Students block Wells Fargo ATMs to protest pipeline support
- Student protesters at San Francisco State are obstructing access to on-campus ATMs until their school ends its relations with Wells Fargo, a company supporting the Dakota Access Pipeline.
Student protesters at San Francisco State are obstructing access to on-campus ATMs until their school ends its relations with Wells Fargo, a company supporting the Dakota Access Pipeline.
While the protests began Wednesday afternoon, student protesters are vowing to continue their demonstration indefinitely, despite its clear violation of the school’s Student Code of Conduct, which expressly prohibits “participating in an activity that substantially and materially disrupts the normal operations of the university, or infringes on the rights of members of the university community.”
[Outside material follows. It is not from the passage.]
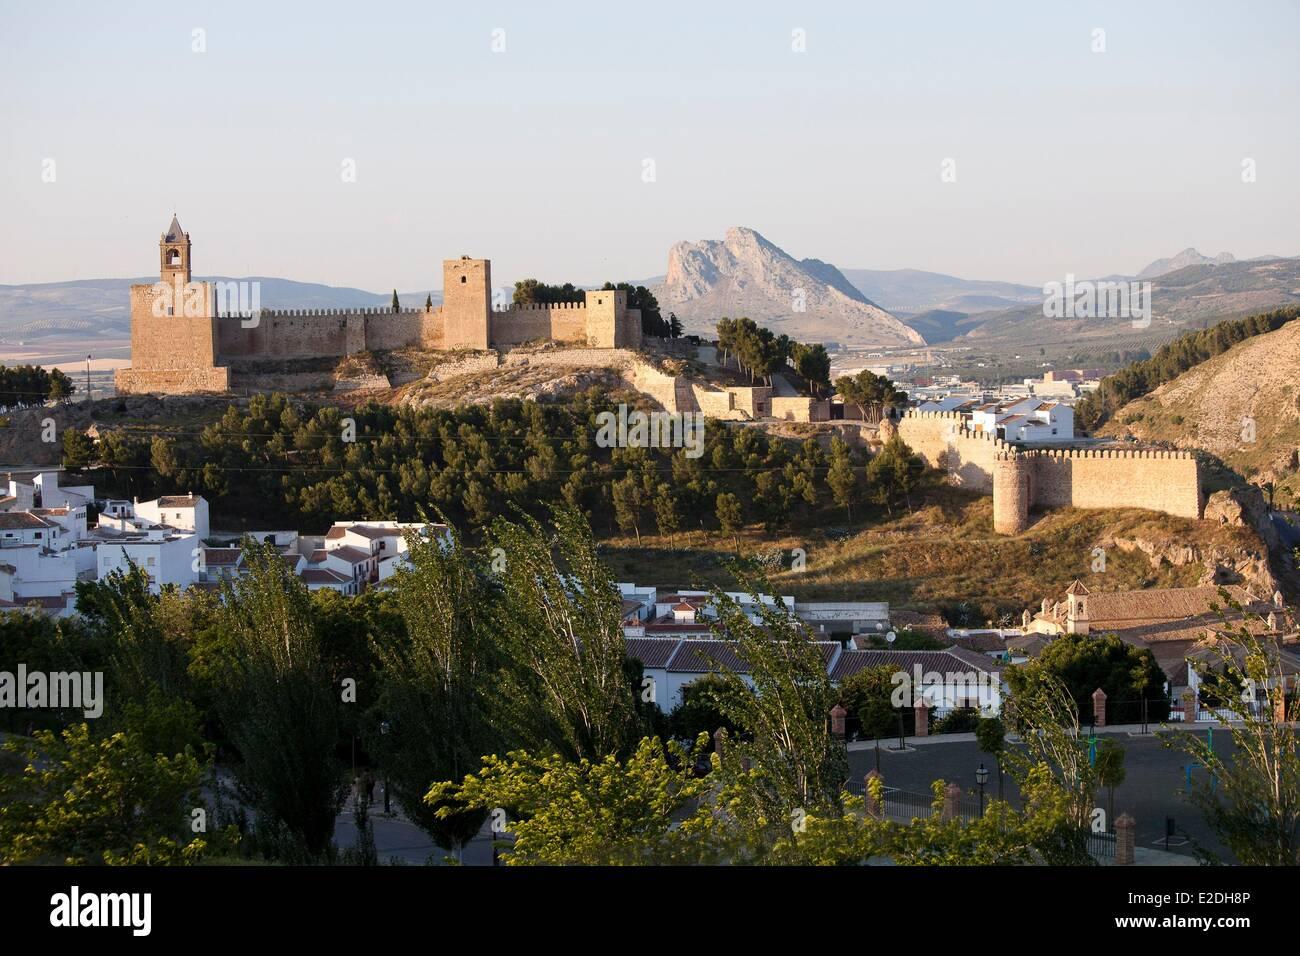 Spain, Andalusia, Antequera, white village, Alcazaba - Stock Image
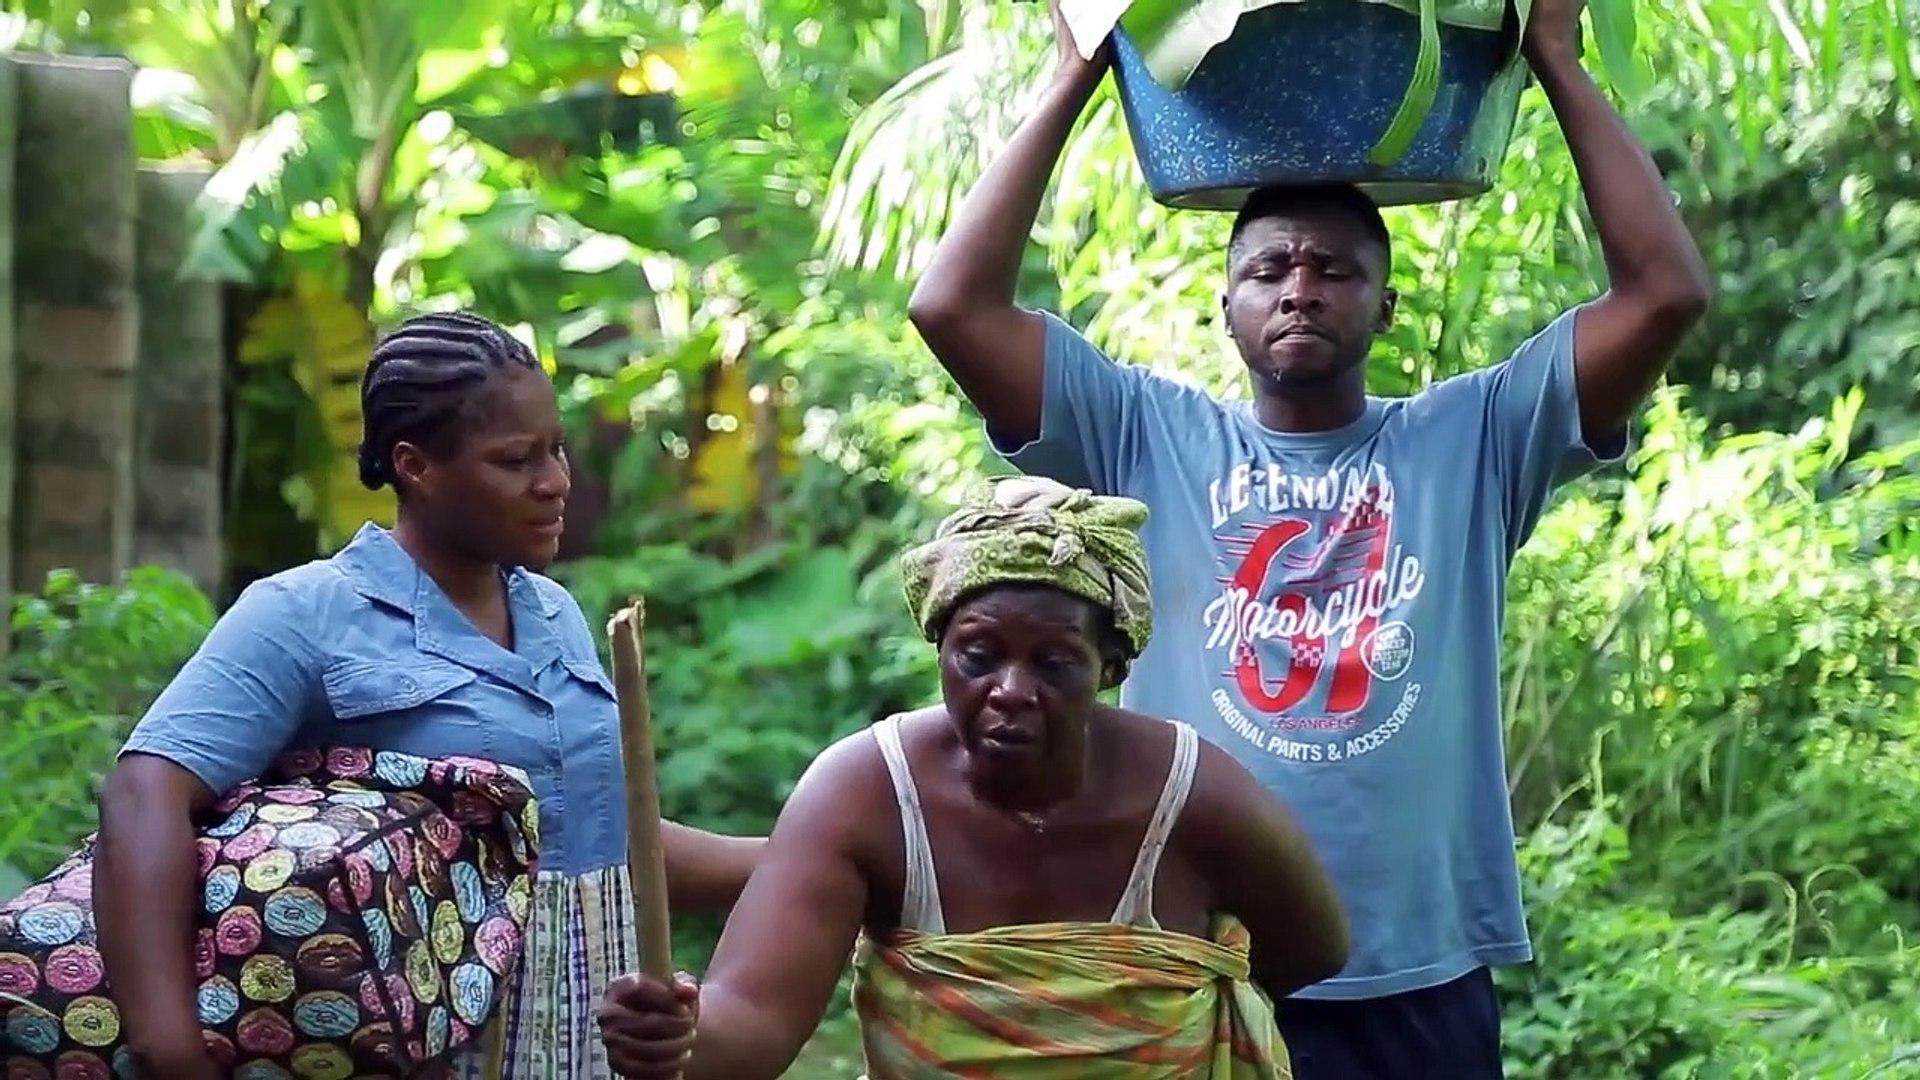 HOW MY HUSBAND'S BROTHERS TURNED ME MAD{MAD WIDOWS 5}-NIGERIAN MOVIES 2019

Such a violation was confirmed by the school’s police chief, Reginald Parsons, who told The Golden Gate Express that while “students have a right to express free speech, they were violating portions of the Student Code of Conduct by blocking direct access to the machines.”
Nonetheless, protesters plan to continue their disruptions until the administration meets three explicit demands, those being divestment from companies that “have invested in the Dakota Pipeline and the Keystone Pipeline,” an end to the school’s “relation with Wells Fargo and Bank of America,” and finally, removing “the ATM machines [sic]” and [replacing] them with credit unions.”
A video of the protest obtained by Campus Reform shows protesters linking arms around the ATMs in an effort to obstruct potential users, shouting “silence is violence!” and “shame on you,” visibly blocking students from accessing the machines.
In one instance, a student demonstrator forcibly prevented a peer from accessing the machines, an was later dragged away by police officers while a bystander observed that “he assaulted someone.”
Eventually, the video shows that demonstrators gave up on actually blocking the ATMs but continued to shout “shame on you” at students who were withdrawing money, though several students and staff members were ultimately inconvenienced by their actions.
In fact, the Express reports that a repairman attempting to service the machines was barred from doing so, and one student who had just bought flowers for his girlfriend tried, and failed, to withdraw money for bus fare to go meet her.
It appears, though, that no students were reprimanded for their involvement in the protests, and Campus Reform reached out to the school for comment on the matter, but did not receive a response in time for publication.